Invest for Retirement, Don’t Save
Web Editor, "Mad Money"
The perceived downside risk of stocks often sends those planning for retirement running to the safety that bonds provide.
The problem with that strategy, though, is that building an adequate nest egg is a race against time. Bonds just don’t generate enough money to cover the cost of living once your work days are done. That 4% return barely outpaces inflation.
The same goes for vehicles like stable-value funds. As Cramer said, they offer slightly better returns than money-market funds and slightly worse returns than a high-quality bond fund.

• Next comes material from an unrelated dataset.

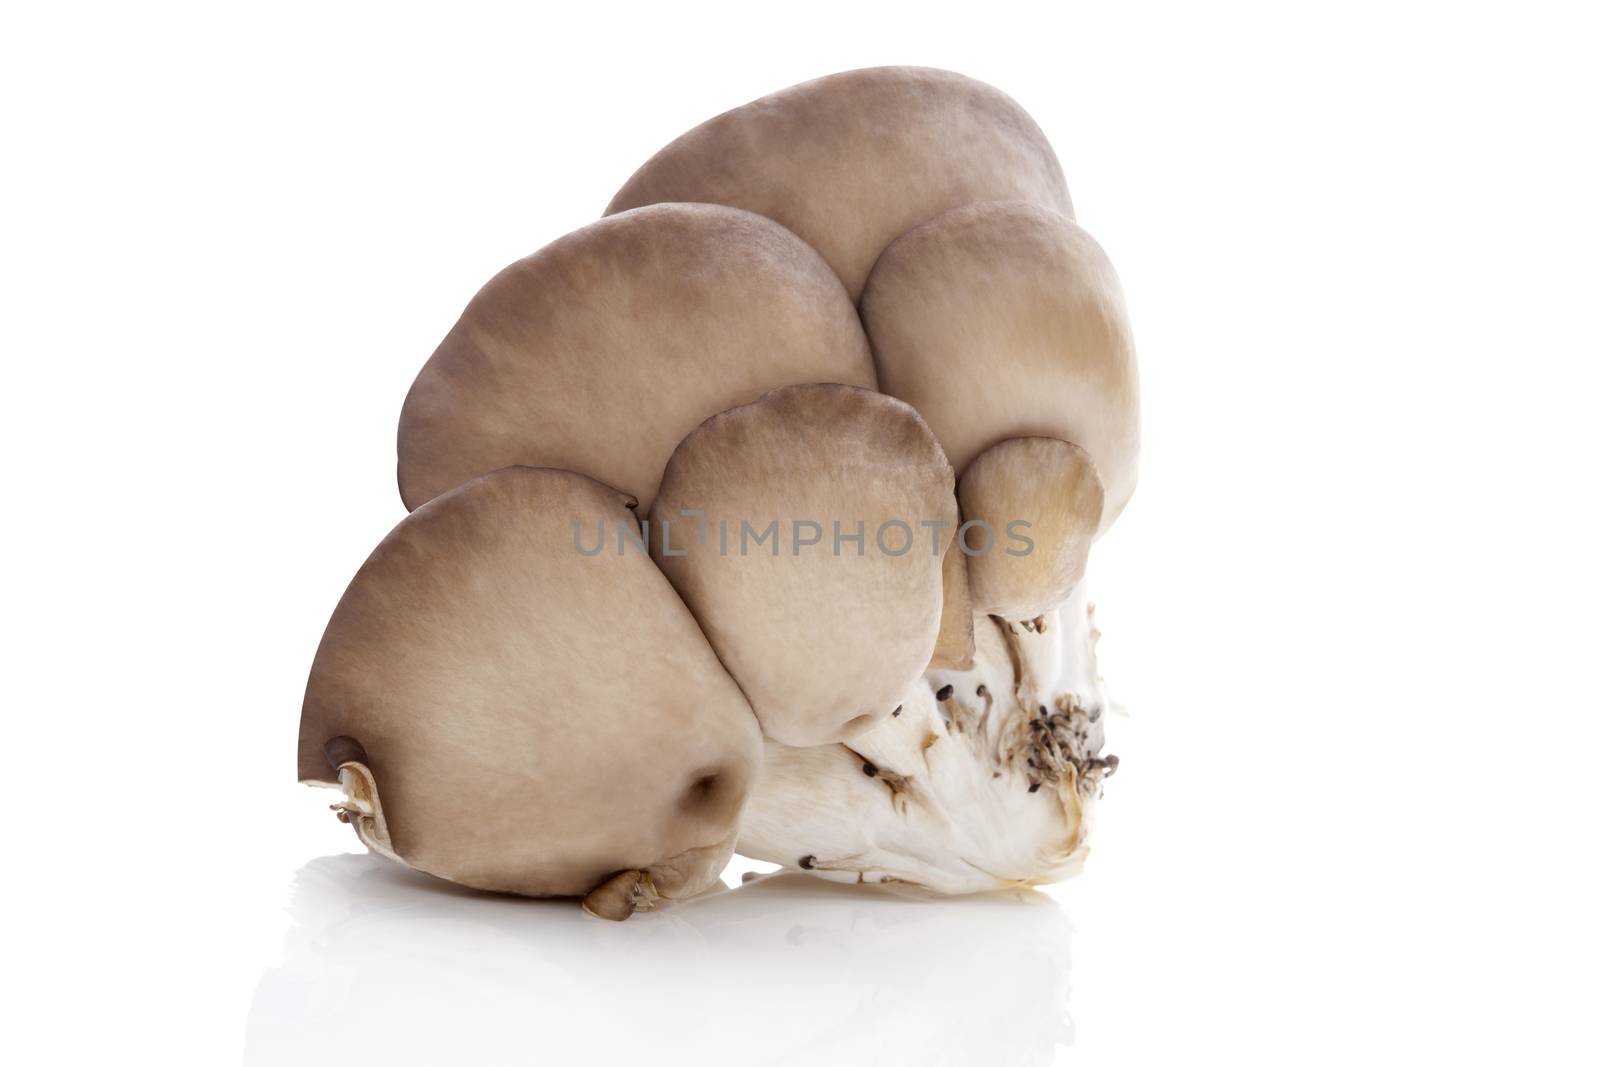 Fresh oyster mushrooms. by eskymaks

Cramer wasn’t saying that bonds have no place in a portfolio. But stocks come first. His suggestion: Buy a cheap S&P 500 index fund. It’s usually a good proxy for the market’s high-quality stocks.
Here’s Cramer’s retirement-planning breakdown for bond ownership:
- He sees no reason to own bonds during your 20s
- In your 30s, 10%-20% of a retirement portfolio can be in bonds
- The number climbs to 20%-30% in your 40s
- 30%-40% in your 50s
- from age 60 until retirement, bonds should be 40%-50% of your portfolio
Even in retirement, though, you should still own stocks, Cramer said. We’re living a lot longer these days, and not owning stocks is a bet against your own longevity.